The present invention also relates to a mirrored circuit arrangement for application in the system and to a method of suppressing audio distortion.
Such a system is known from WO 97/45995. The known audio system comprises an adaptive echo cancelling filter for removing echoes emanating between a systems' loudspeaker output and a microphone. The known system has a filter arrangement coupled to the echo cancelling filter and the microphone for spectrally suppressing echo components in the microphone signal that were not removed by the echo cancelling filter. One microphone senses a desired audio signal, while the other microphones only receive interfering distortions of the desired signal. The system may have a filter arrangement coupled to the echo cancelling means and/or the microphone array for spectrally suppressing distortion in the form of additional audio noise interference.
It is a disadvantage of the known system that it can not effectively be used for also reducing reverberant distortions in a desired audio signal sensed by a microphone array.
Therefore it is an object of the present invention to provide an improved system and filter arrangement therein for also suppressing echo distortion in the form of echo tail part reverberation in an audio signal sensed by a microphone array.
Thereto in the system according to the invention the filter arrangement includes filter coefficients representing at least a part of the audio distortion, and the system comprises an at least partly mirrored circuit arrangement for copying thereby simulated audio distortion representative filter coefficient values into the filter coefficients of said filter arrangement.
It is an advantage of the system and circuit arrangement according to the present invention that by copying simulated filter coefficients which are representative of the audio distortion into the filter coefficients of the filter arrangement the suppression of the audio distortion is made speech signal—in general desired signal—independent. The coefficient values represent the correlation properties of the reverberant tail part(s) of the sound field and can also be used for actually filtering the desired signal in filter arrangement for suppressing reverberation therein, irrespective whether desired speech is output or not. So in particular the presence or absence of speech no longer distorts the distortion cancellation. Even if speech is present distortion cancellation of the spatial correlation sensitive forms of distortion, in particular but not exclusively, reverberation types of distortion, can be effected efficiently by means of the system according to the present invention.
An embodiment of the system according to the invention allowing design flexibility is characterised in that the filter arrangement includes a beamformer.
Most often a combination of filter, sum and delay elements is comprised in the filter arrangement to form the so called Generalised Sidelobe Canceller. Advantageously an additional delay element may be added to the beamformers for further improving the performance of the system according to the invention.
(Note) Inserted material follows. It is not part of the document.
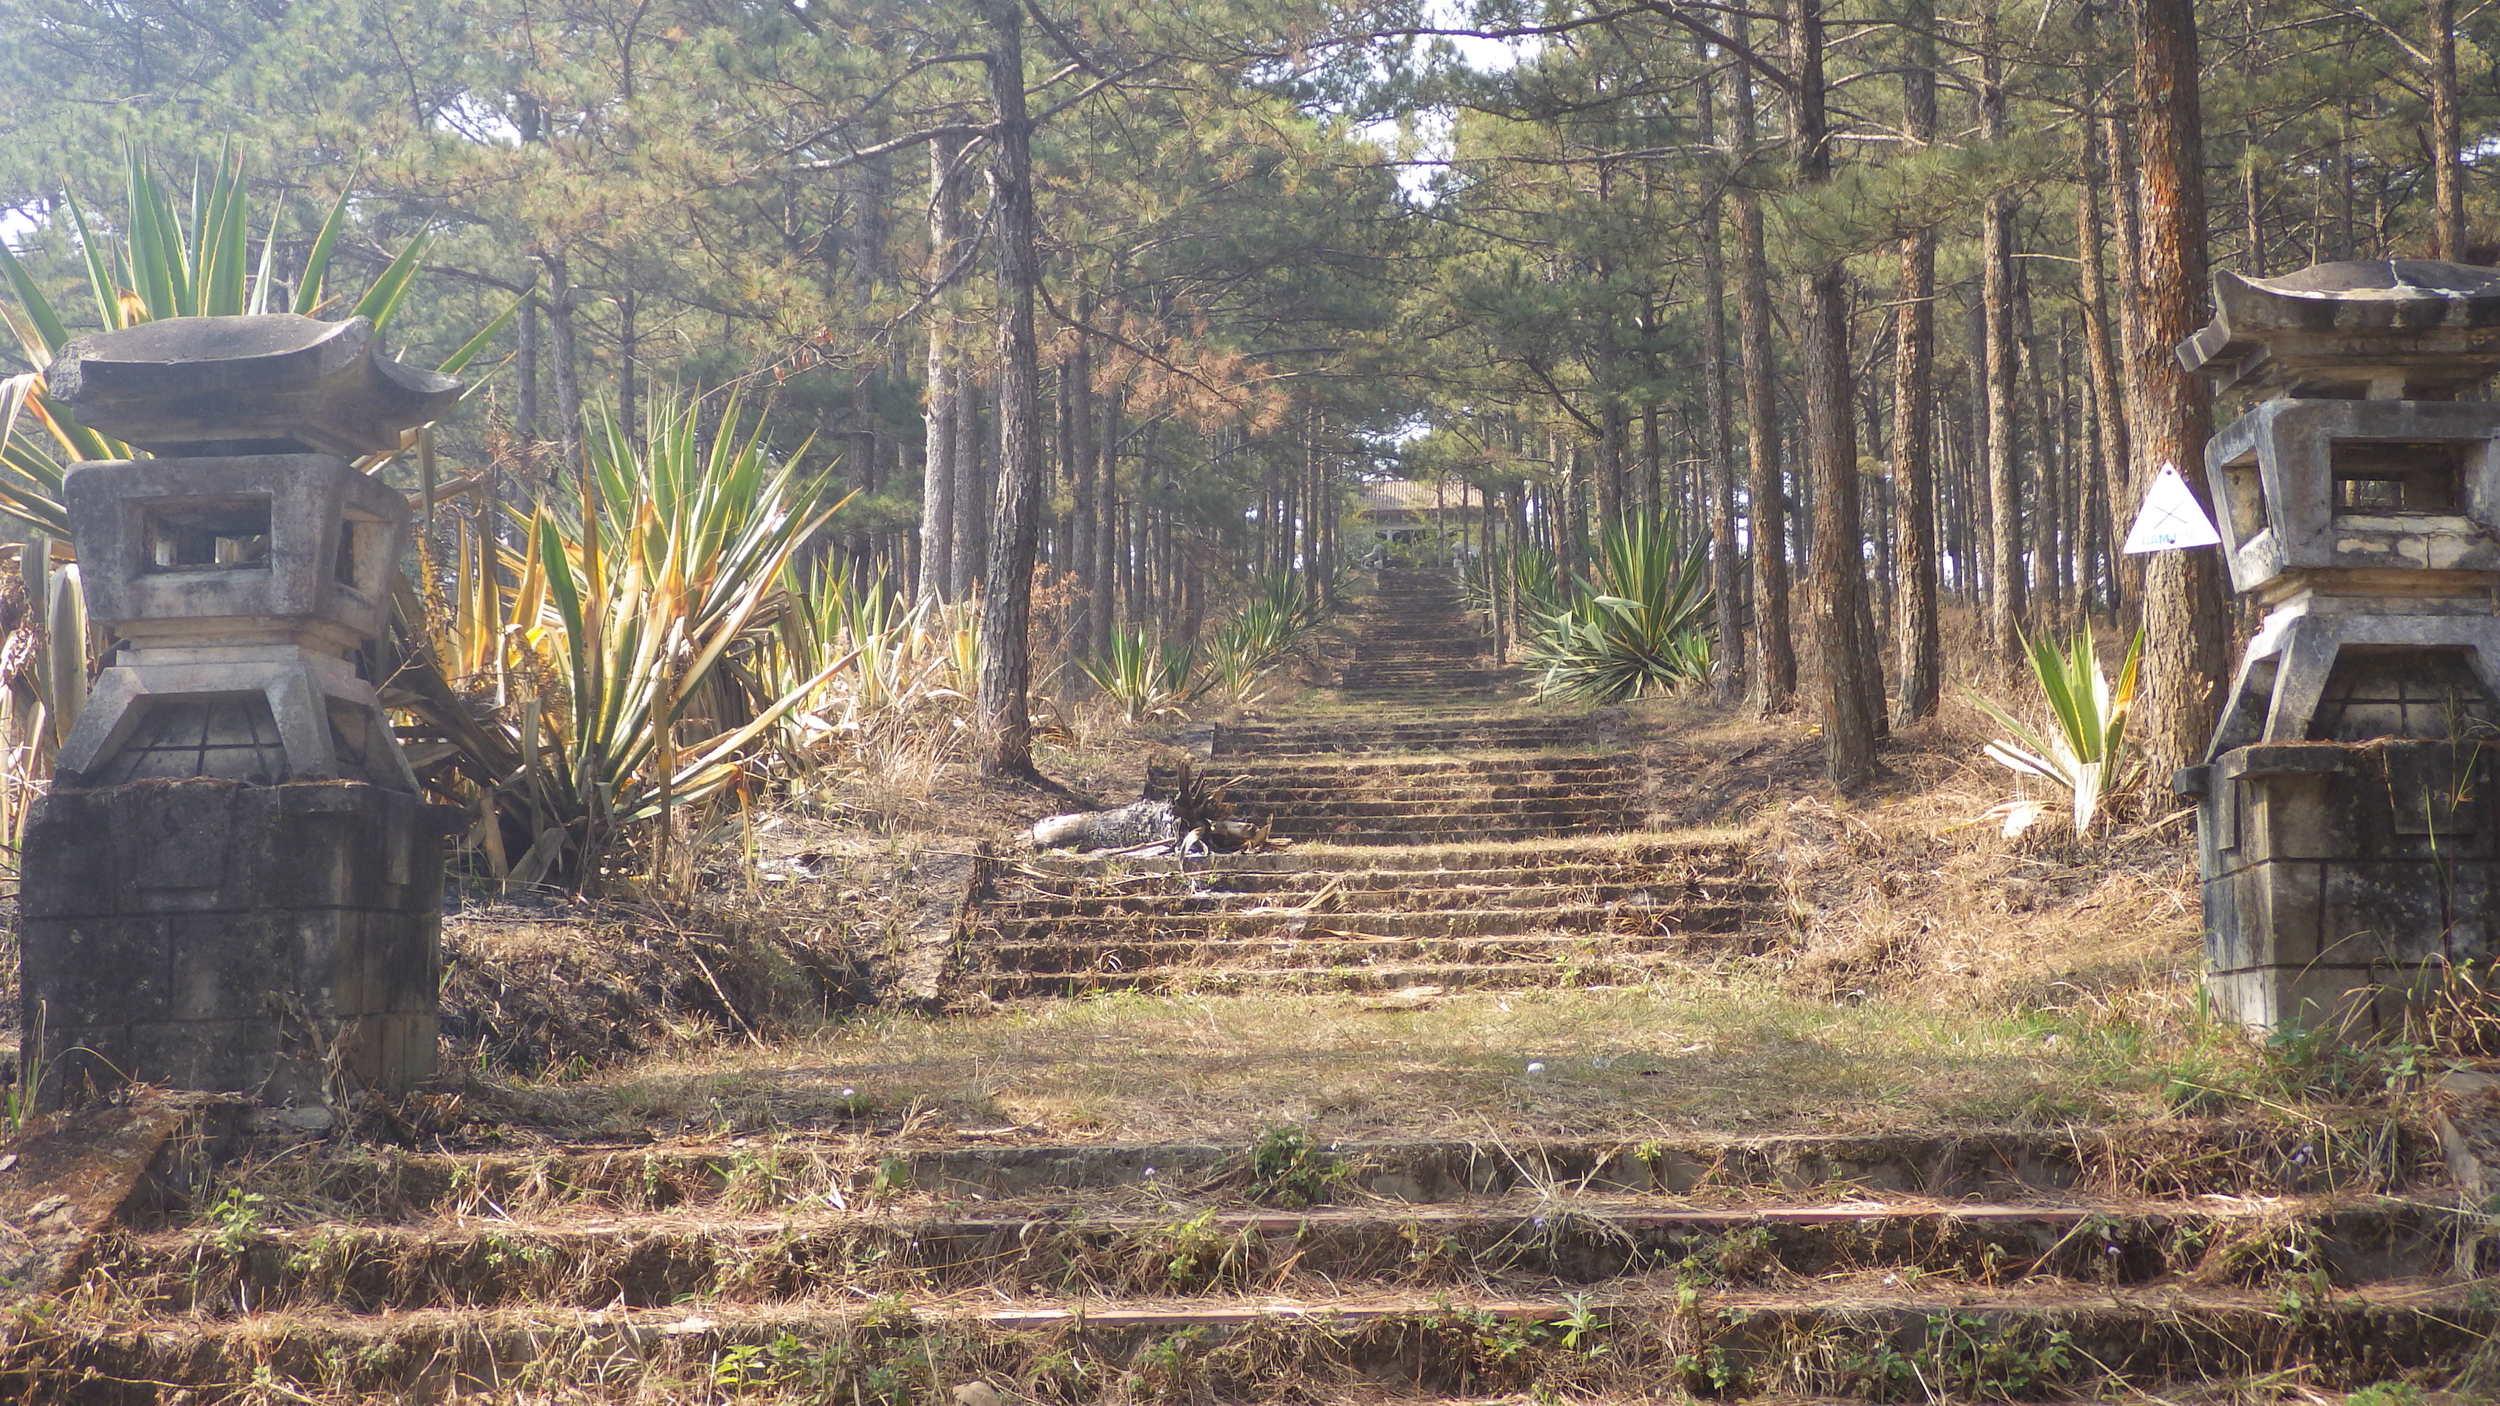 Ten million billion treacherous steps covered in slippery pine needles.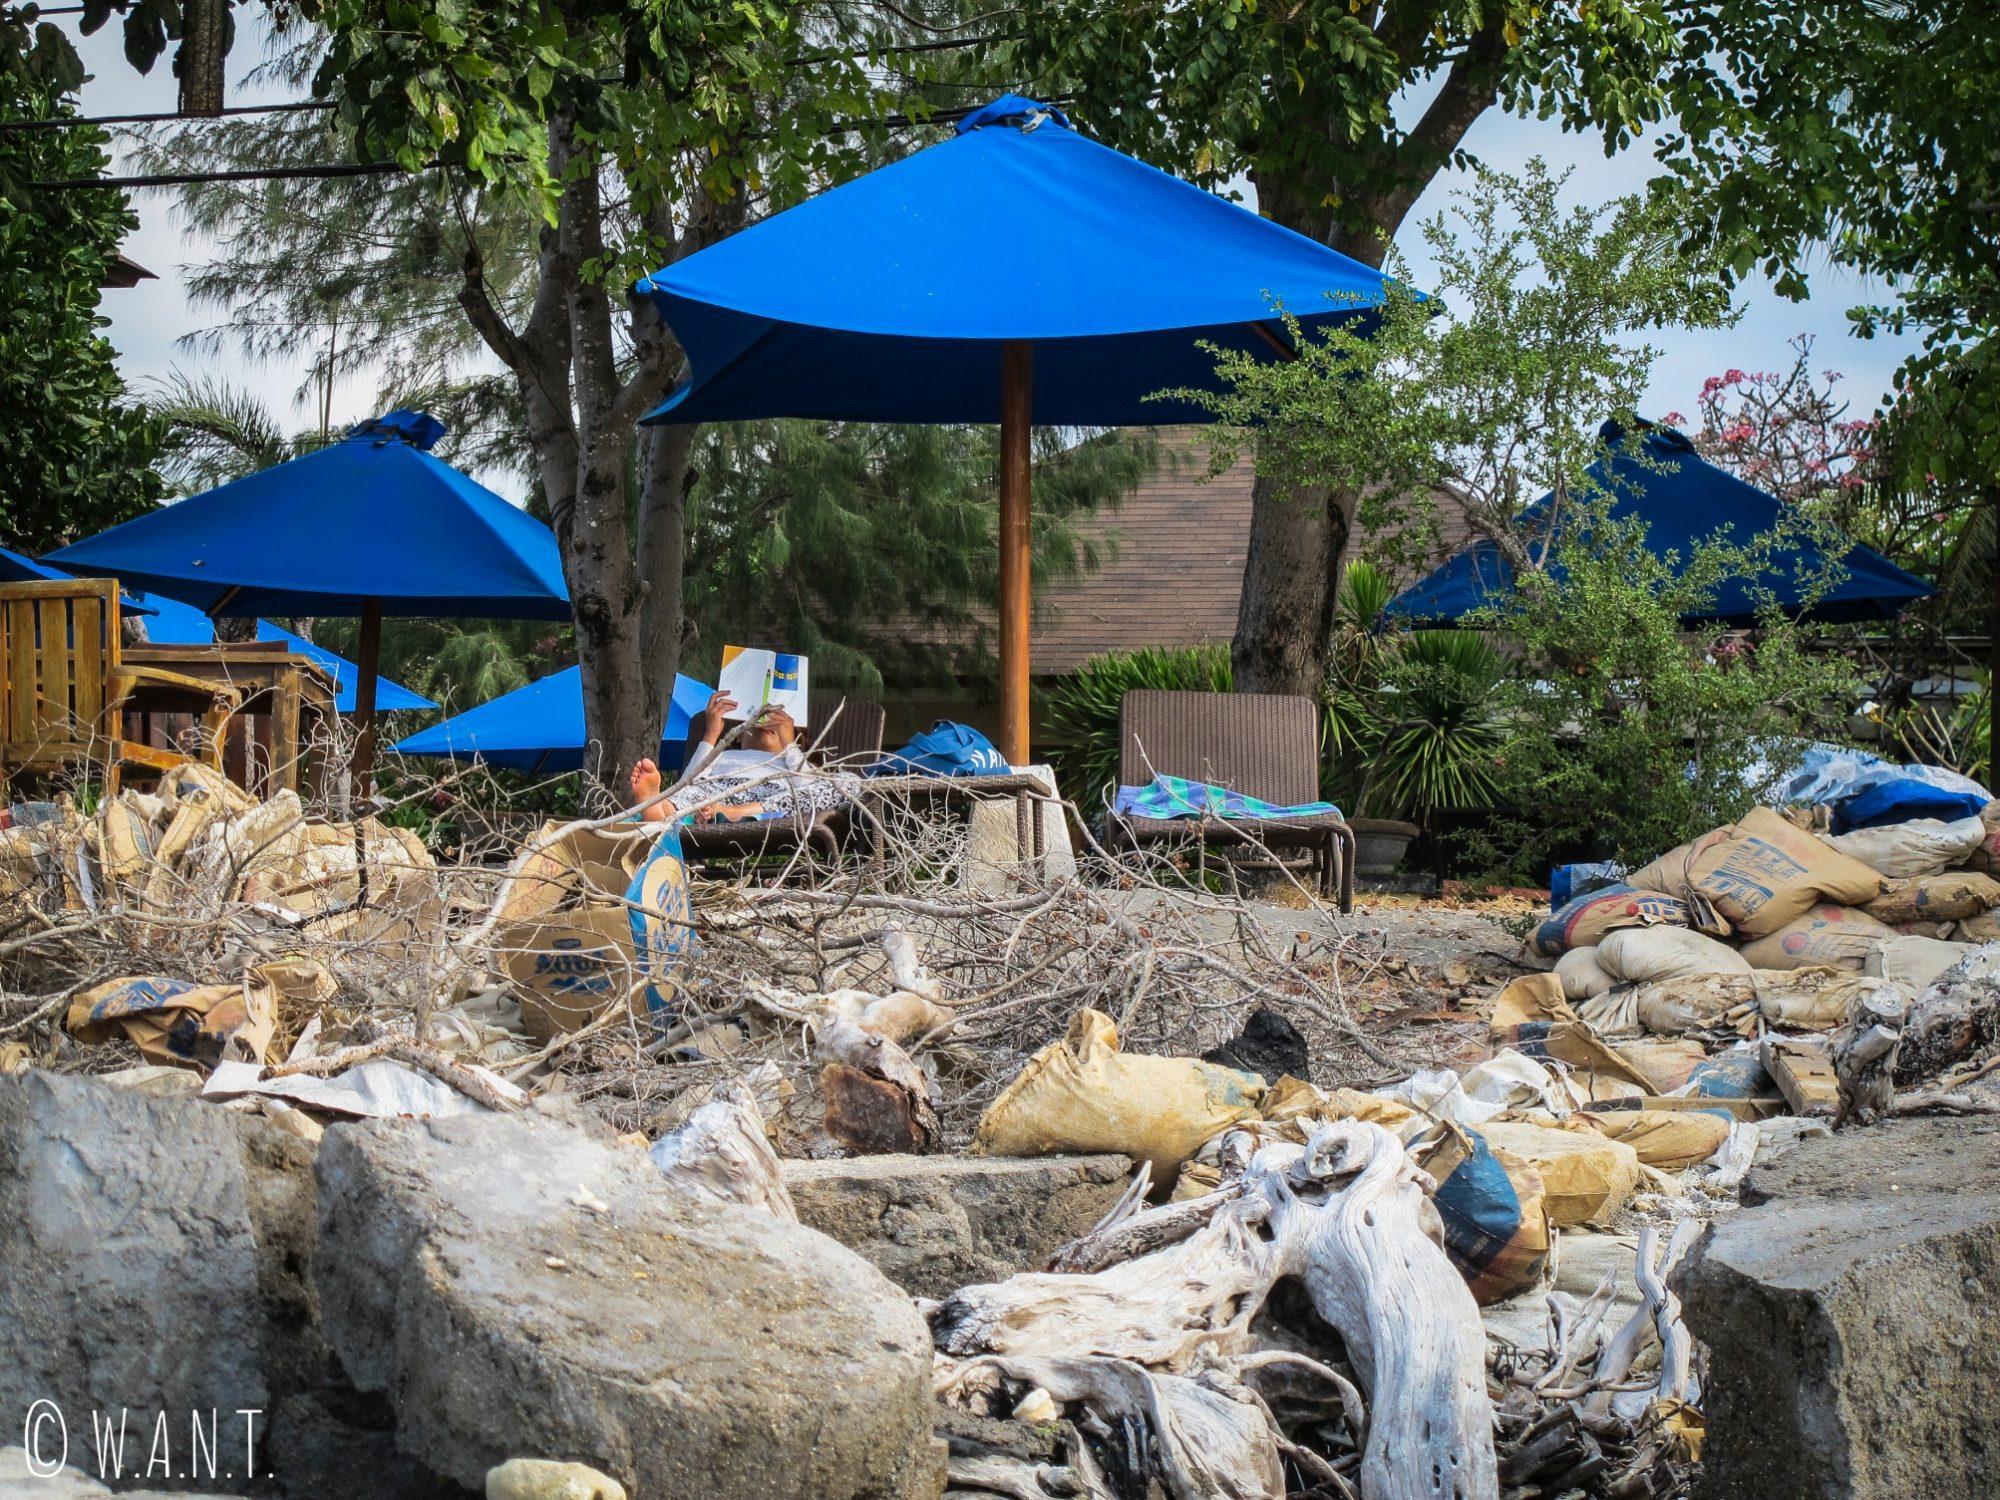 Transats et parasols devant un amas de déchets sur Gili Trawangan

Advantageously another simple embodiment of the system according to the invention is characterised in that the system comprises coefficient value copying means between the circuit arrangement and the at least partly mirrored circuit arrangement.
A further embodiment of the system according to the invention is characterised in that the filter arrangement is arranged to be adaptive to the reverberation distortion and/or the desired audio signal sensed by the microphone array.
In that case the filter coefficients can be updated, to include a dynamic aspect in the cancelling of varying correlation sensitive forms of distortion, such as for example reverberation, instead of representing a more or less fixed model of the room. Now such distortion can also be suppressed in relation to the respective varying positions and directions of the array microphones.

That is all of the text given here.